Así estaría la pobre mujer


MADRID. No me quiero ir

 

No me quiero ir. Madrid

Madrid, 5 de la madrugada, final de un tour de 10 días recorriendo España con un grupo de adolescentes y profesores norteamericanos.

Están todos preparados para subir al autobús que les llevará al aeropuerto, el guía cuenta para asegurarse de que no falta nadie  y comprueba que una persona no está: la profesora responsable de una parte del grupo.

El guía llama a la habitación por teléfono pero nadie responde, después a su puerta pero tampoco contesta, así que va a recepción y pide al personal del hotel que abran la habitación porque algo raro ocurre. Suben, abren la puerta y se encuentran a la profesora sentada en la cama diciendo que no se va, que se queda en España.

Mi compañero se queda un poco en shock al escuchar la frase pero le recuerda que ella es la responsable de que los estudiantes regresen a sus casas sanos y salvos. Y, por tanto, su obligación moral y legal es acompañarlos aunque no tenga ninguna gana.

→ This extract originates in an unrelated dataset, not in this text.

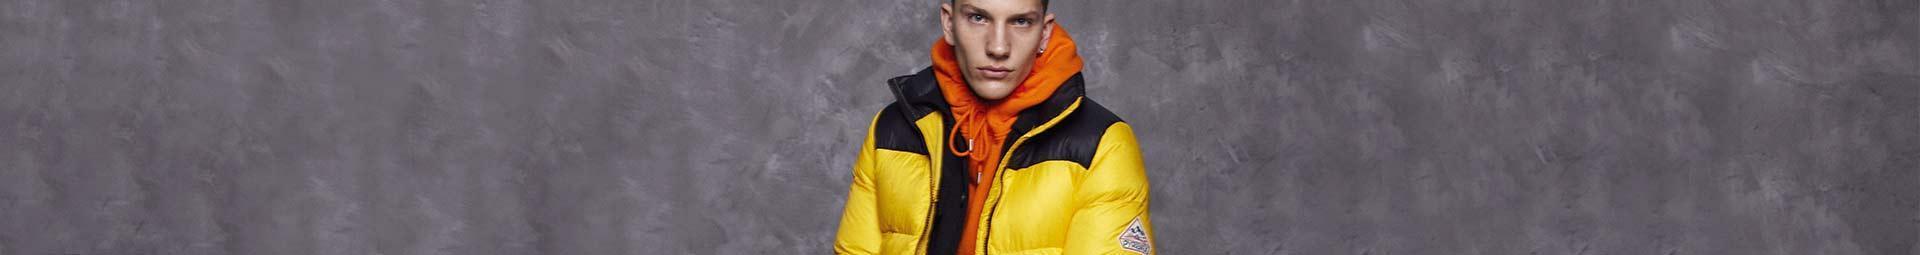 Pyrenex : Doudoune homme, Doudoune en duvet, Veste parka homme et coupe vent. Boutique officielle

Tampoco reacciona antes estas palabras.. El guía entonces le recuerda que antes de salir de viaje ella firmó unos documentos responsabilizándose de los estudiantes, la profesora asiente pero se sigue negando. 

Su negativa es de tal grado que mi compañero decide llamar al número de emergencias de la empresa y, entre ambos, deciden que no queda otra que romper las normas y pedir a algún adulto del tour que tome la responsabilidad de la profesora. Afortunadamente, la madre de una estudiante que viajaba en el tour accede a hacerse cargo del grupo. 

Y es que hay situaciones donde no hay más opción que romper las normas. Y también hay veces que un lugar gusta tanto que uno no quiere irse de allí. O quizá lo que te espere en casa se te hace demasiado duro, quién sabe. El caso es que siempre me quedé con la intriga de saber qué habrá sido de aquella mujer.

Todo eso ocurrió sin ni tan siquiera haber desayunado… Y es que un tour no se acaba hasta que han pasado la puerta de embarque, por lo menos.